The flag: `mono substitutions arent that creative`

It’s also worth noting here that re-opening the connection changed the encryption results for the same messages for level 2(and the remaining levels). However, the flags stay the same, so we can just send them over to regain our progress. That’s also what the `passed`

argument is for; once I got the flag once, I would just send the flag over for subsequent attempts.

## Level 3

Once again, I started off by sending `00`

. Just like before, the encryption was a new hex string of the same length. Sending `01`

and `02`

also gave the same pattern as with level 2. Sending them again gave the same result, so it seemed like a mapping just like before was happening.

However, sending `0000`

showed a difference from before; the second byte returned was different from the first.
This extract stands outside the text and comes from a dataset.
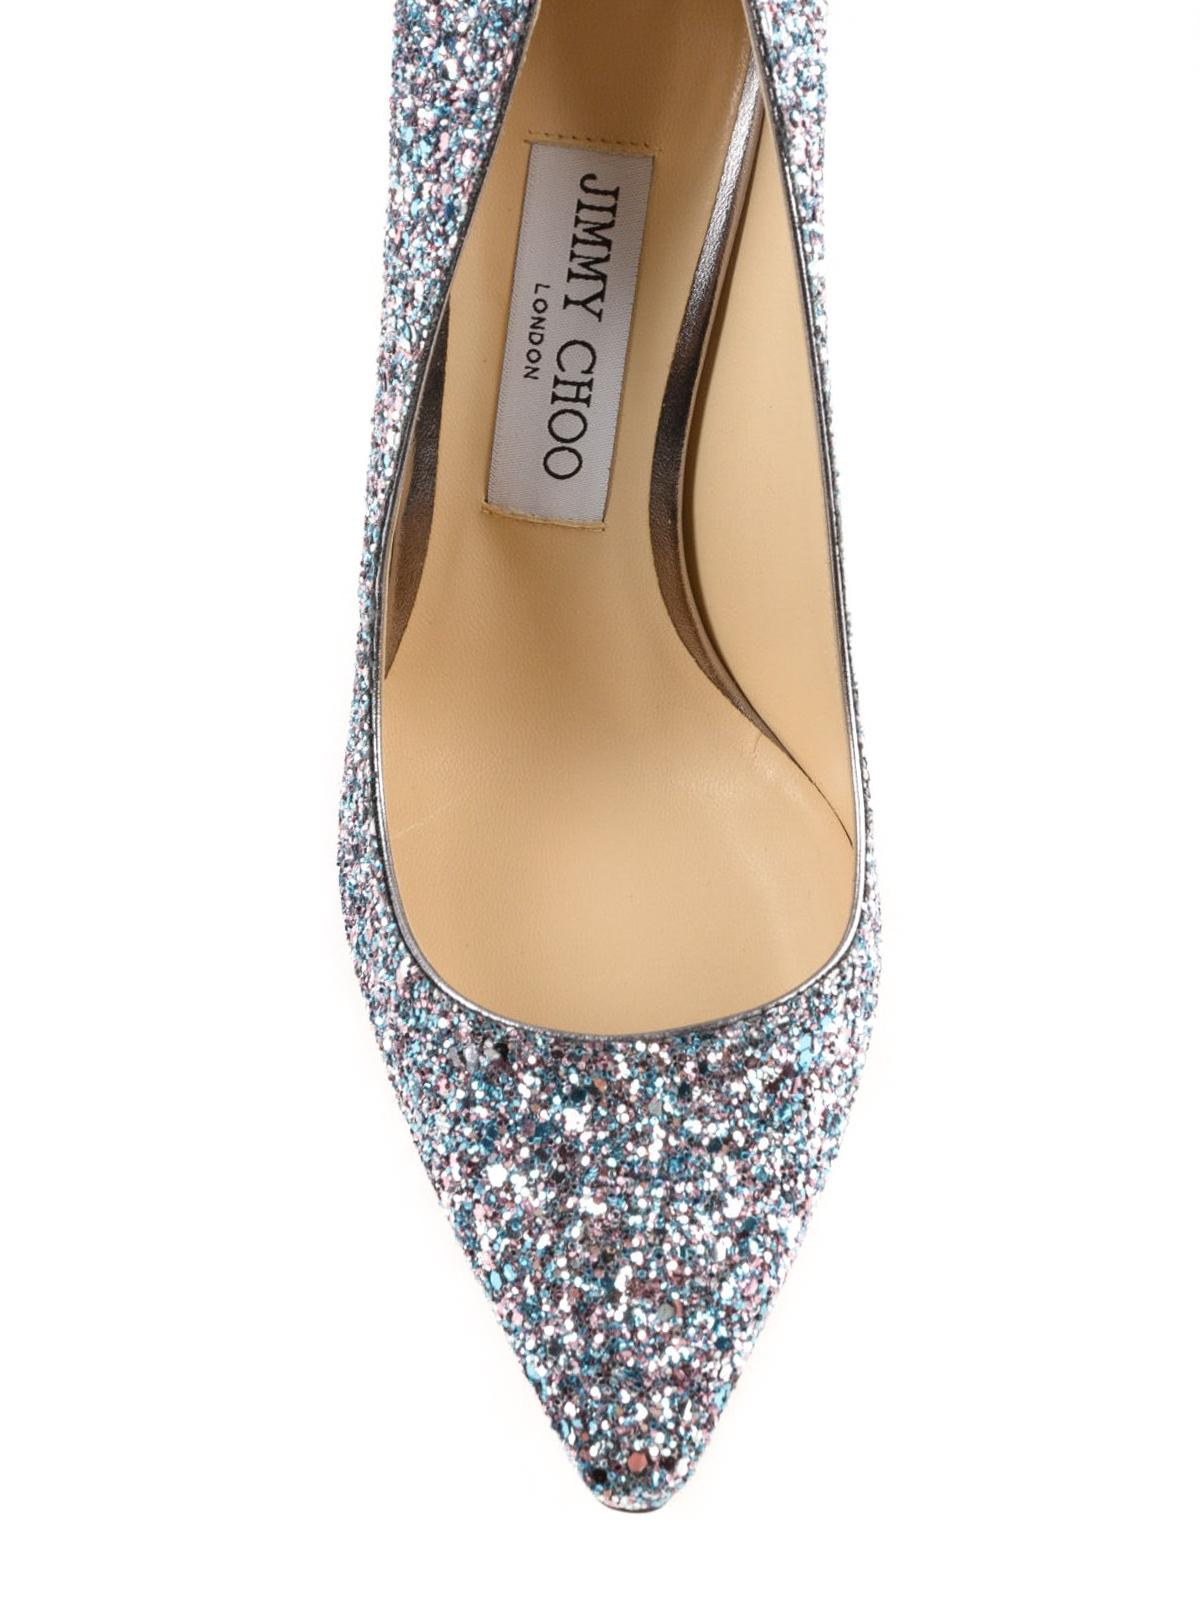 dcbde6ee89e5 Jimmy Choo - Romy coarse glitzy glitter pumps - court shoes - ROMY ...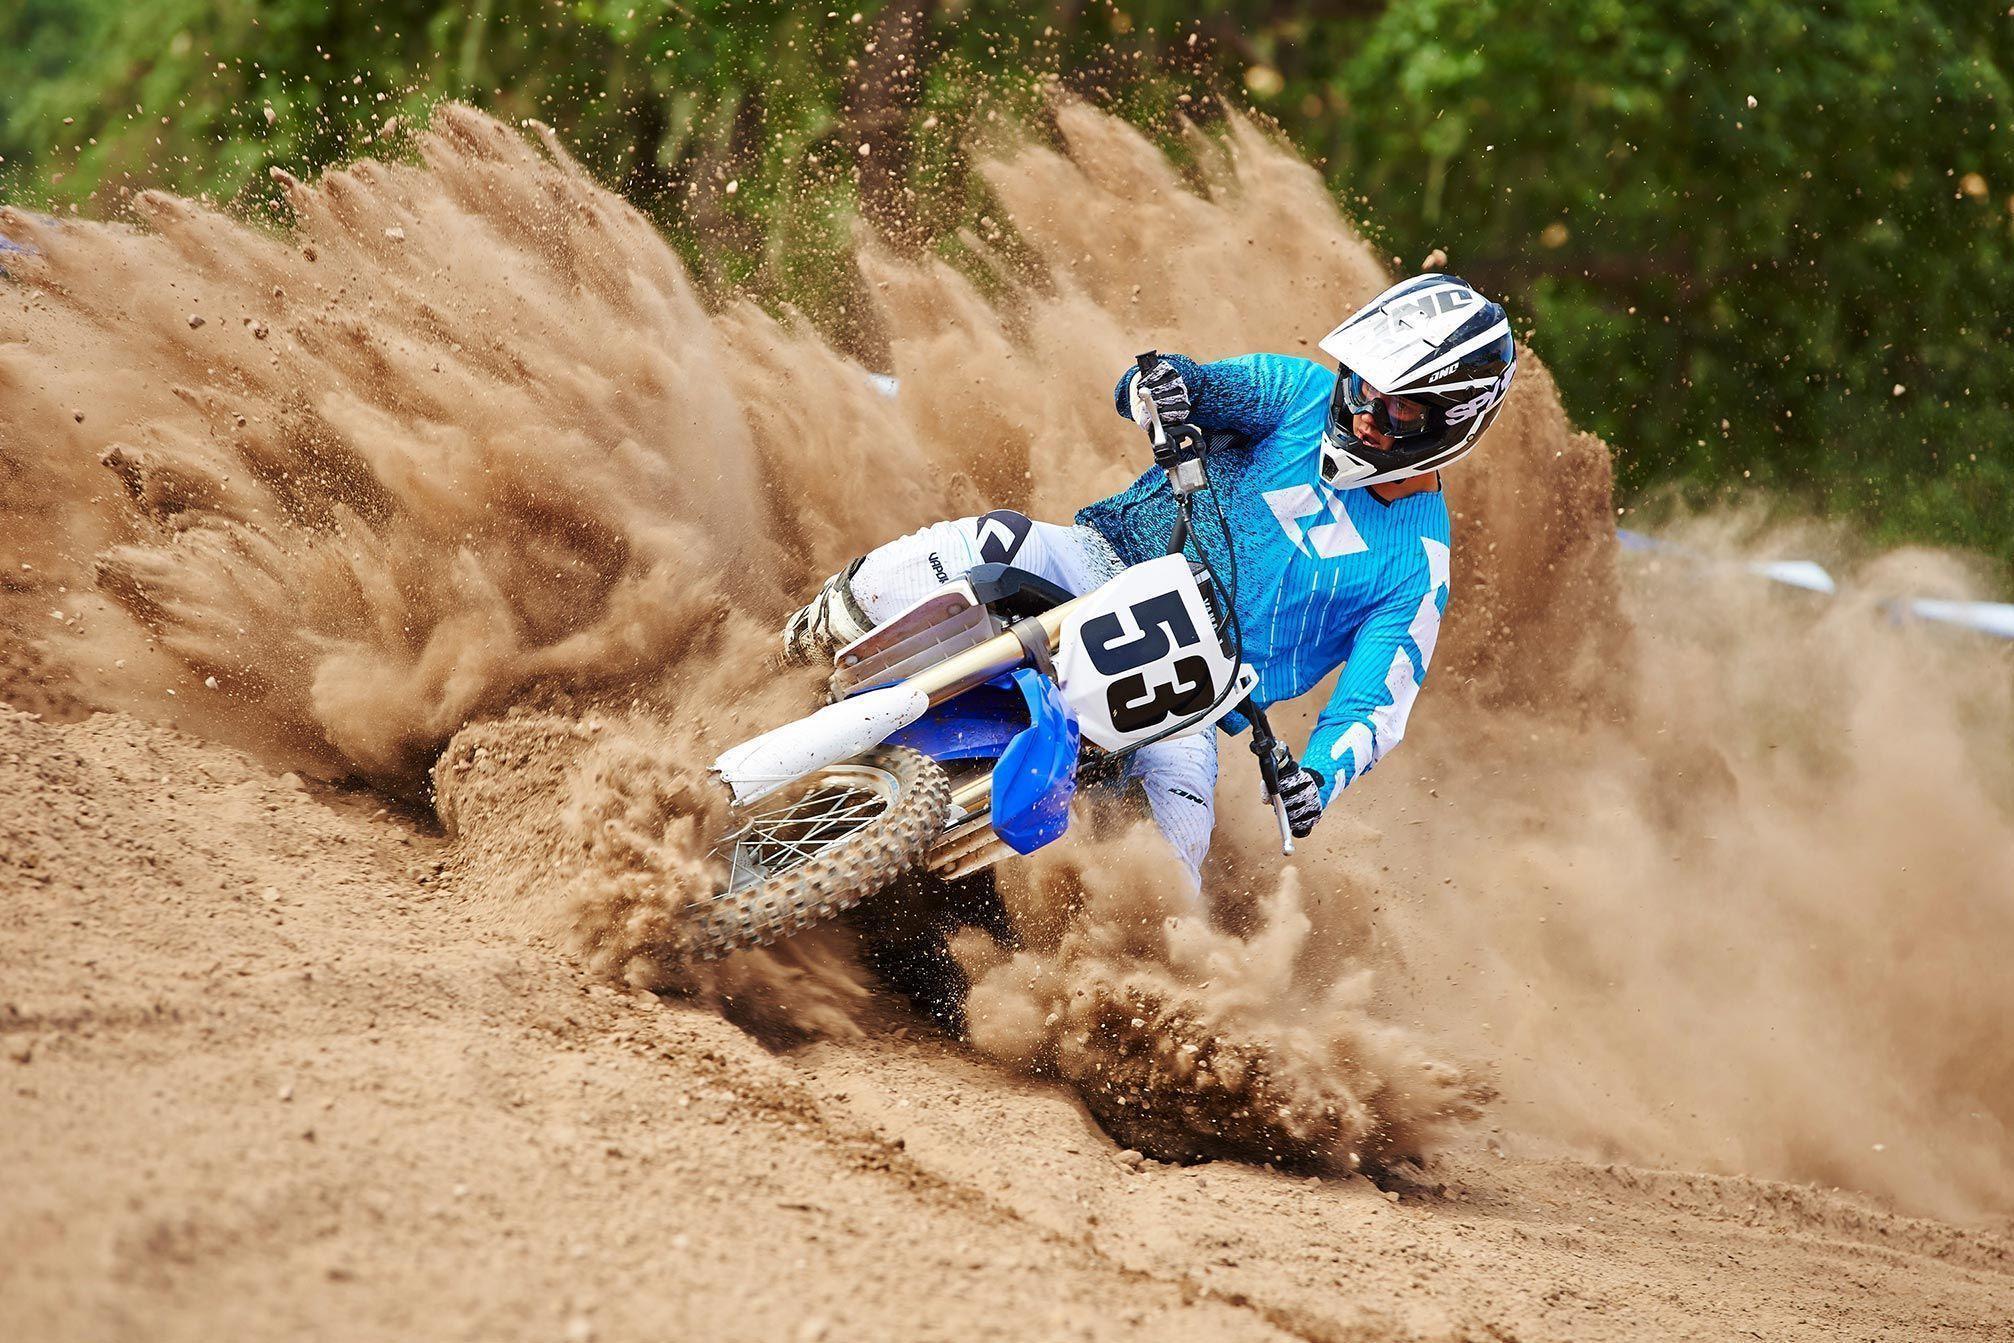 Yamaha Yz450f Dirt Motorcycle Wallpaper Hd Desktop: Dirt Bikes Wallpapers

It seemed to be more troublesome than level 2. At this point, I suspected 2 possibilities: the whole message is mapped to some other message of the same length, or each byte position(for example, the 1st vs the 2nd `00`

in `0000`

) has a different mapping table.

The first option would be very difficult to brute-force to decrypt the encrypted flag, so I tried testing for the second scenario by sending `0100`

. The second returned byte was the same as in `0000`

, showing me that the likelihood of the second scenario was high. Testing a few more messages in a similar manner confirmed this theory.

Then the question becomes, how could I figure out the flag in a timely manner? One option is to simply create a table like with level 2, except for each byte position. However, this is something of a waste, because each table would only be used to decrypt a single byte of the encrypted flag.

So instead, I just encrypted `00`

, `01`

, until I got the corresponding byte in the flag for each byte position. The byte that, when encrypted, matched the one in the encrypted flag, would be the original byte in the decrypted flag. To test the encryptions for byte position `x + 1`

, I first put `x`

`00`

s and then the byte I wanted to encrypt(For example, `000001`

, `000002`

, etc.).

Notably, in the worst case this still would take `(# of bytes in the encrypted flag)*256`

requests, and it’s possible for the connection to close itself in this time. However, this isn’t much of an issue because the flag itself never changes, even if the encryption does. So we can just keep track of which byte position we are on and start from there until we recover the entire flag. The following code simply assumes that this issue doesn’t occur.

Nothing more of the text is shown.